PROBLEM:
The stretch wanted below opens at the line containing "Rénovation d’un appartement" and closes at the line containing "Horns Rev Offshore". Please return it exactly, with no other lines.

ENTRIES SUPPLIED:
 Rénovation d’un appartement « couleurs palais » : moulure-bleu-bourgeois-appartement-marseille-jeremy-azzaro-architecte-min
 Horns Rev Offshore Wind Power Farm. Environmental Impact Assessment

* * *

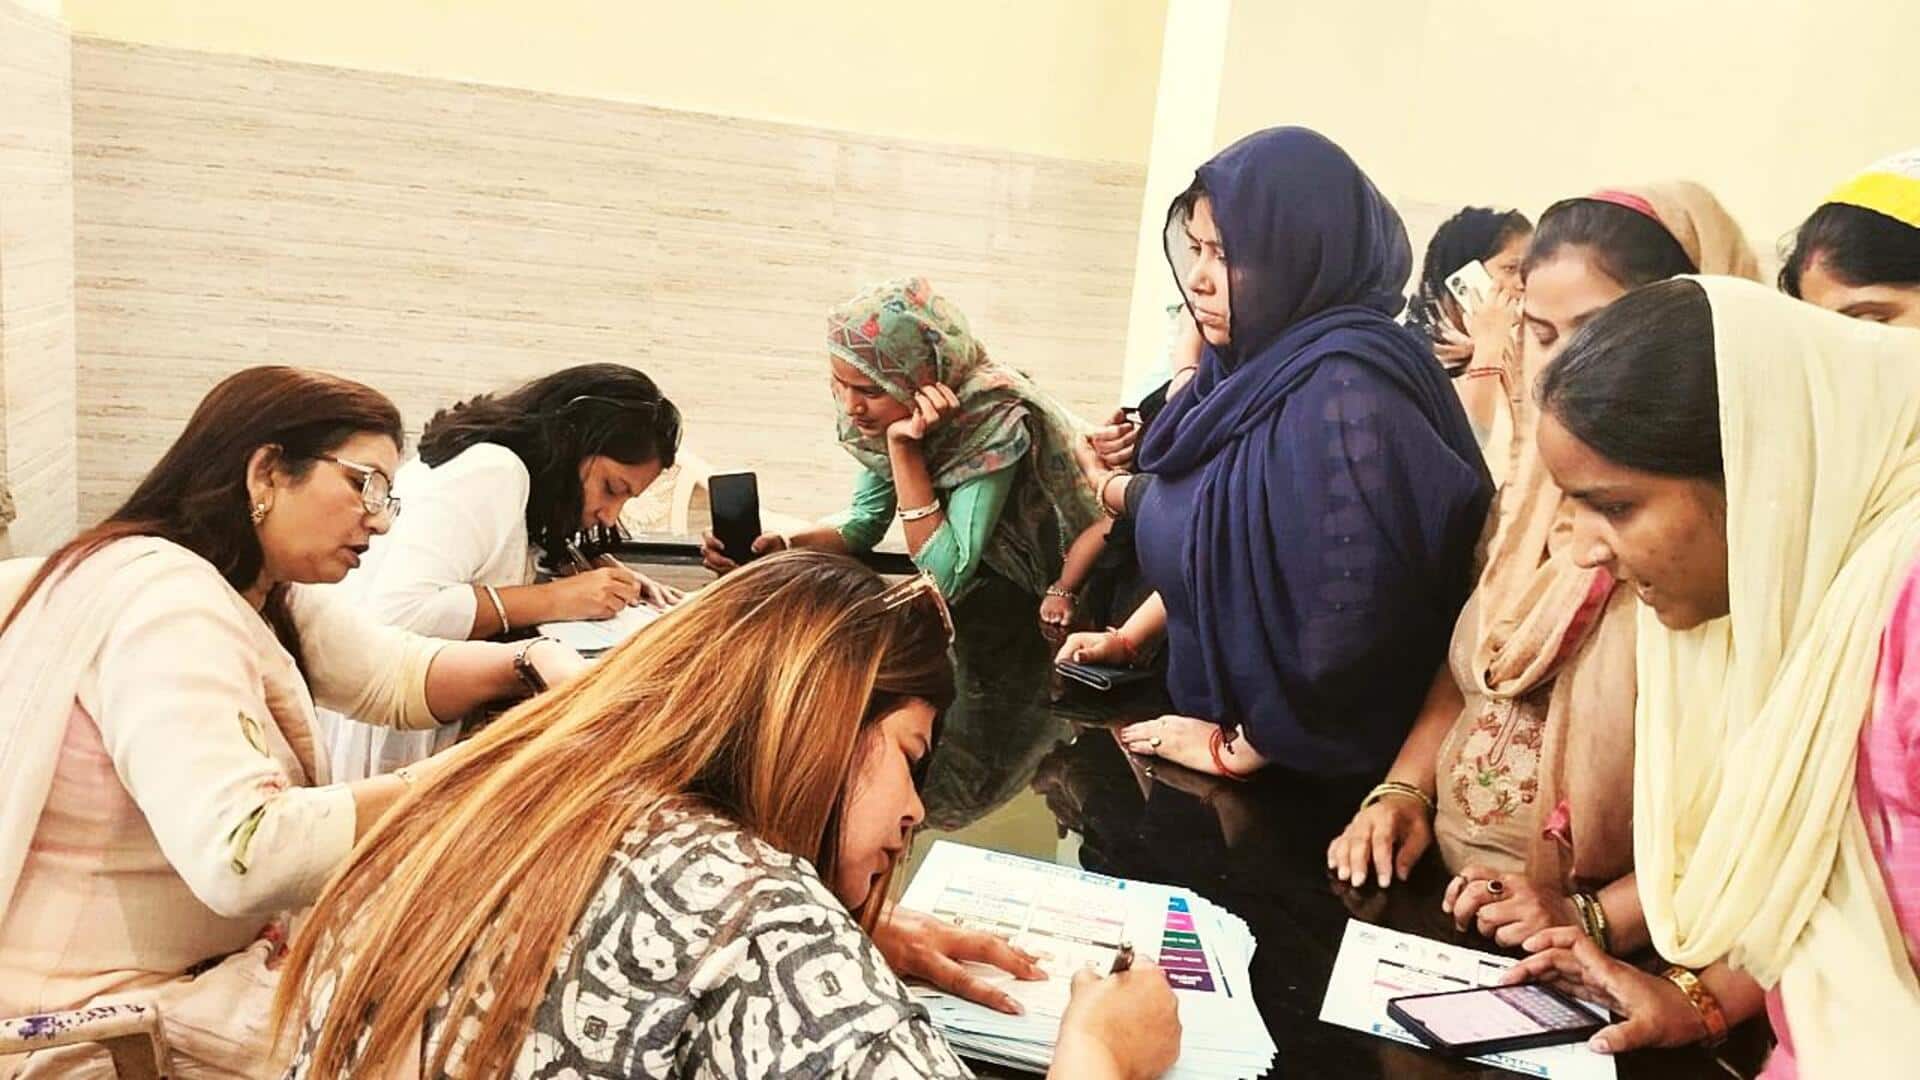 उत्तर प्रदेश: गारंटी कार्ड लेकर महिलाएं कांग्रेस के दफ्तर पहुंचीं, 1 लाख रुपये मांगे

SOLUTION TO THIS TASK:
 Rénovation d’un appartement « couleurs palais » : moulure-bleu-bourgeois-appartement-marseille-jeremy-azzaro-architecte-min
 Horns Rev Offshore Wind Power Farm. Environmental Impact Assessment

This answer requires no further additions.